Metropolitan Radio is a shop that provides radios and furniture to Africans on tempting but greedy hire-purchase terms. The staff becomes a microcosm of the society and the characters are designed to become representative of the racial elements which make up this complex country. The owner, Mr. Bloch, is a Jew who displays all the traditional expectations of sharp dealing to make a barely legal extra profit. There are two white female cashiers; an overtly racist Afrikaaner Mrs. Stein and an English-speaking liberal Mrs. Kuhn, whose racism is more subtle but ultimately similar. Then there are the "coloured" mechanics, and below them, a variety of African drivers and attendants. They work together not very harmoniously, and from time to time, all express antagonistic inter-racial prejudice.

If one took this work too seriously, the people would become mere symbols.
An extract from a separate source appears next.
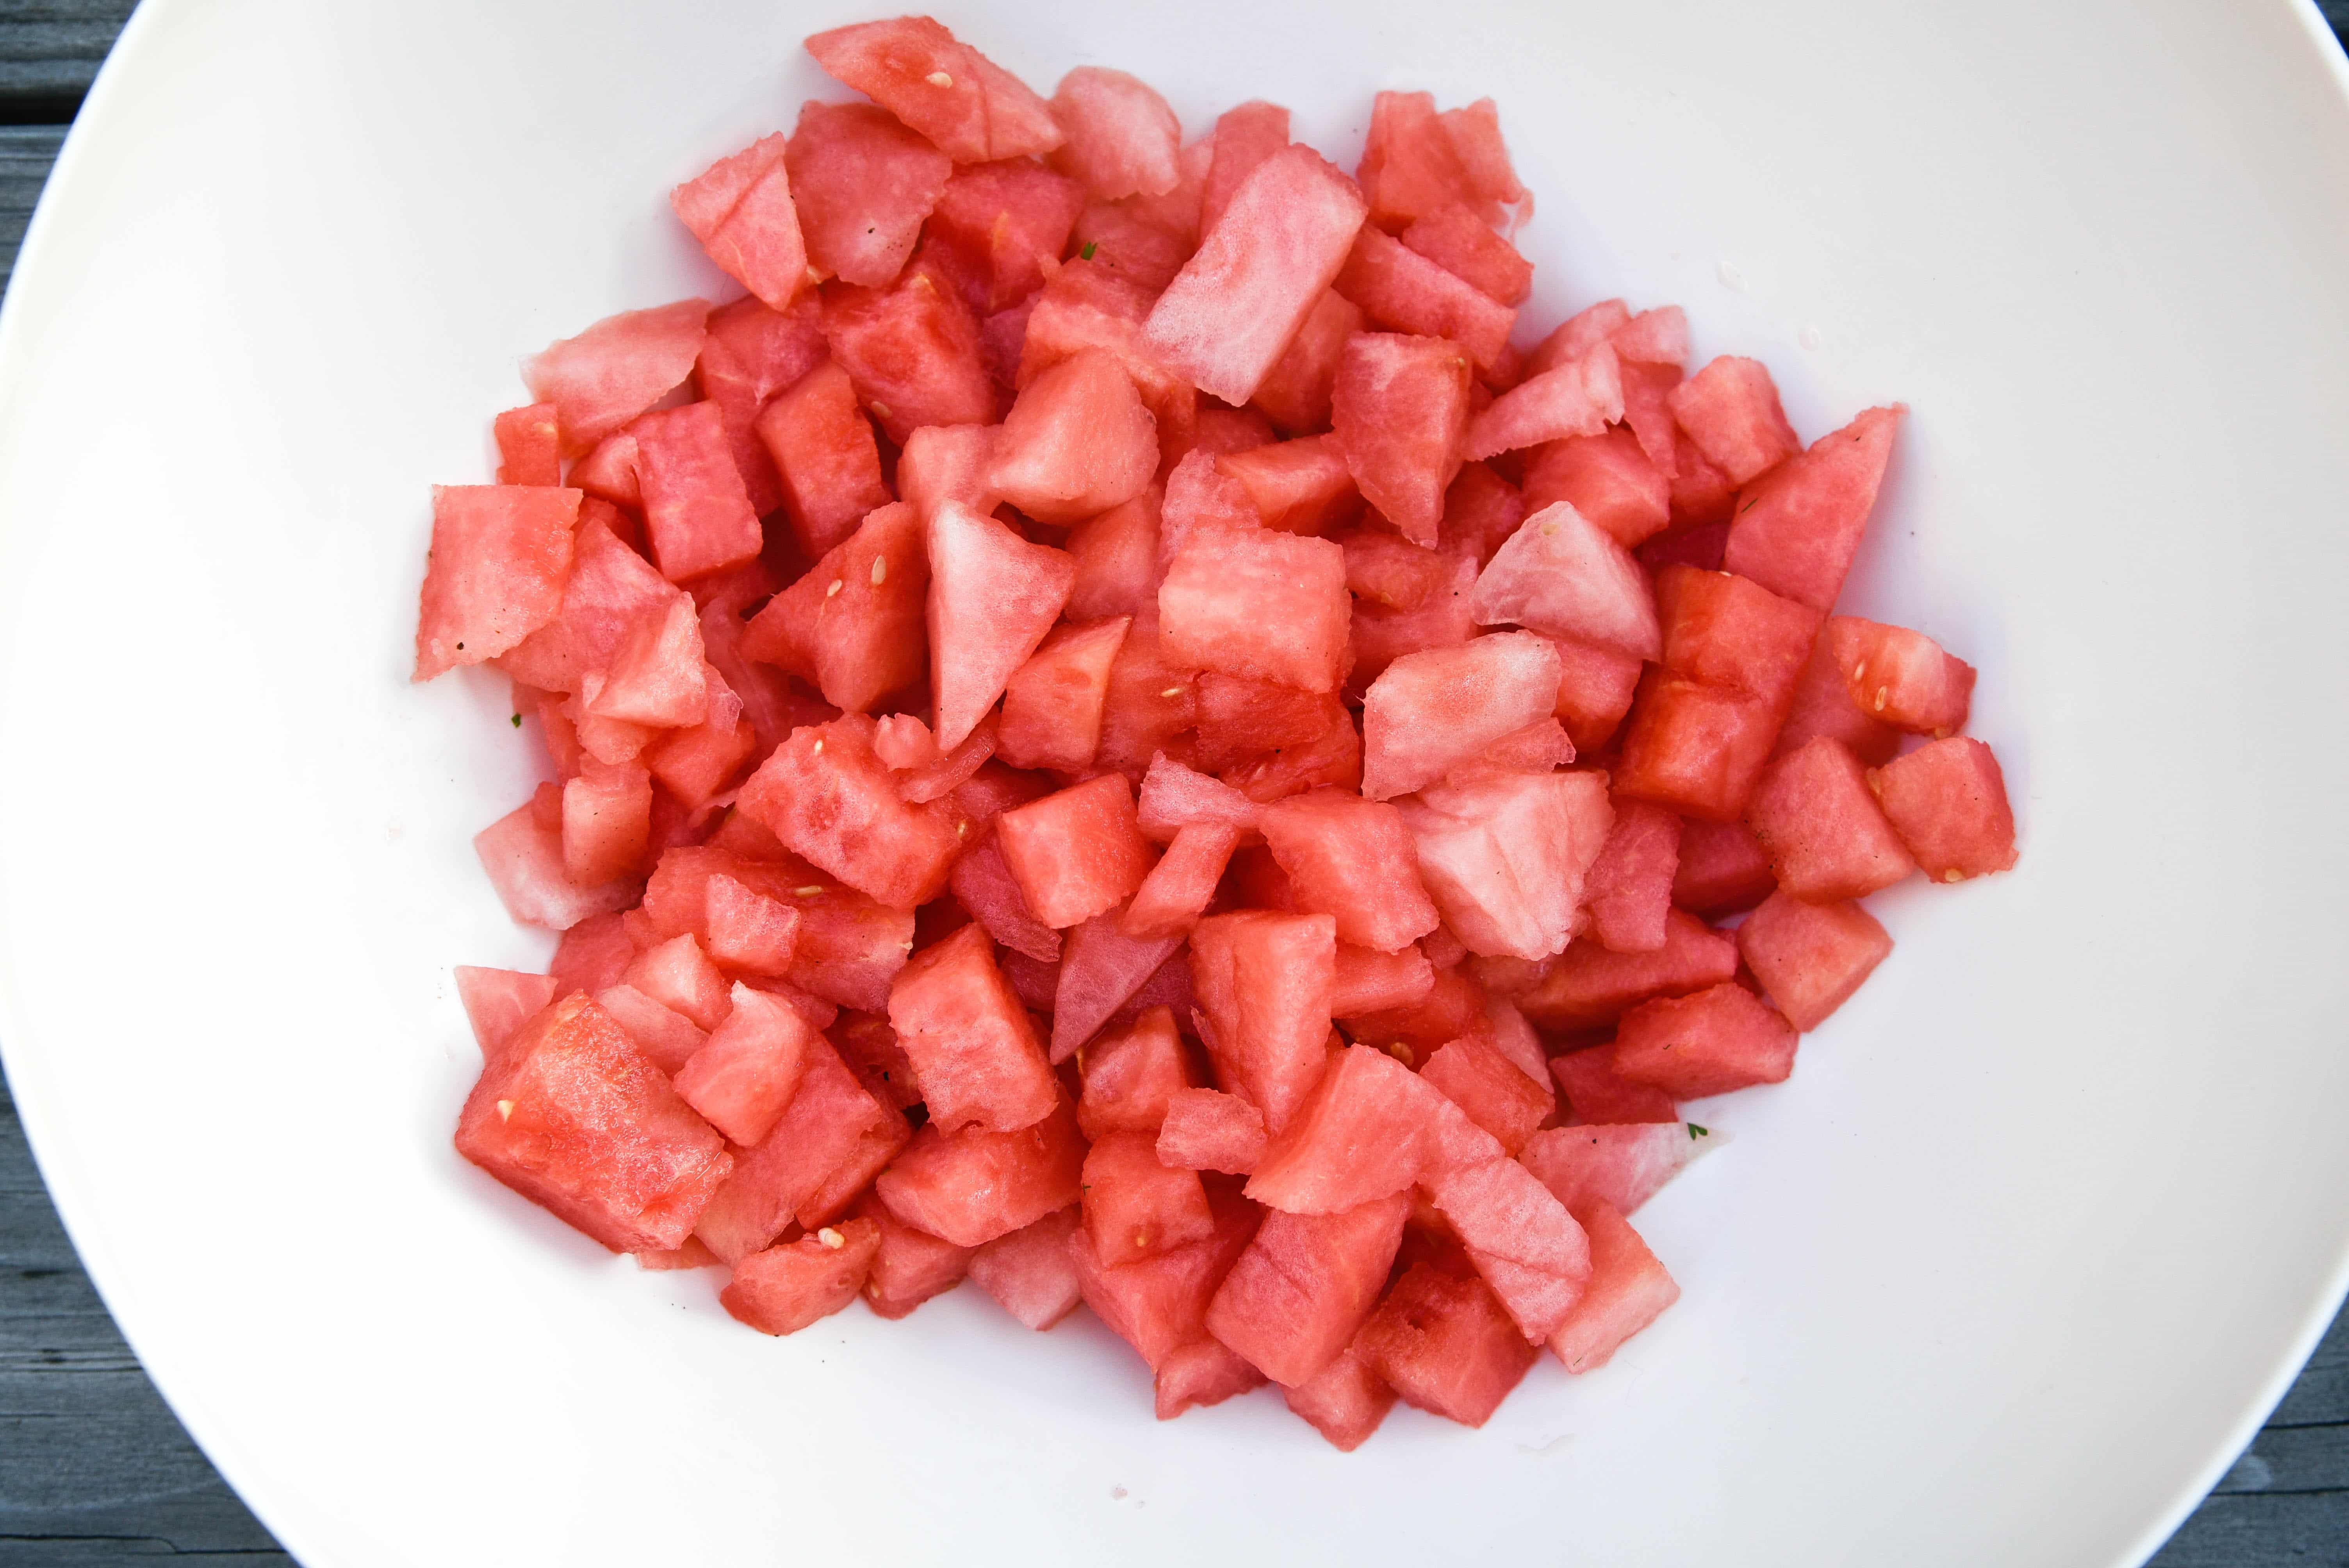 Fresh slices of watermelon

In particular the underlying anti-Semitism would be cruelly evident. Mr. Bloch would become a modern Shylock, always eager to make a rand/ducat at the expense of the ignorant and unfortunate Africans. But the entire work is based upon an attitude of extraordinary tolerance and amiability. Muriel enjoys her work. She likes her involvement with the business. Generally she even likes Mr. Bloch. Since she is employed as an office worker, a status usually reserved for Whites, and manages her duties every bit as efficiently as they do, she is inevitably treated disrespectfully and often blamed for errors the White staff have made. She is used and abused; and given the task, beneath White dignity, of coping with a series of very legitimate African complaints. Sometimes she helps, by explaining the dangerous results of compound interest and is accused of disloyalty to the company. Sometimes she finds herself unavoidably becoming a tool of Mr. Bloch's calculated exploitation. The surprising thing about this book is its tone. It is occasionally defiant as Muriel stands up to false accusations with articulate denials. But there is a strange tolerance and humor, a genuine acceptance that sees the racist extremes as absurd as they are threatening. She can laugh at the comic illiteracy of the African clients' letters without unkindness. She beautifully rises above the political and racial status that has been imposed on her by saying, "I am just myself, just a person." It is this tolerant vein which sustains this work.

Eventually Miriam is offered the chance of a much better job. Government inspectors come and determine that the struggling immigrant employer cannot afford to build an "African woman" toilet. It is illegal for Muriel to share either African male or White women's facilities, therefore she cannot be employed. Although Muriel is denied her promotion, the explanation exposes the madness of the divisions imposed upon South African society. They are as ludicrous as wicked. Indicatively this book itself was immediately and even more absurdly "banned" by the government censors.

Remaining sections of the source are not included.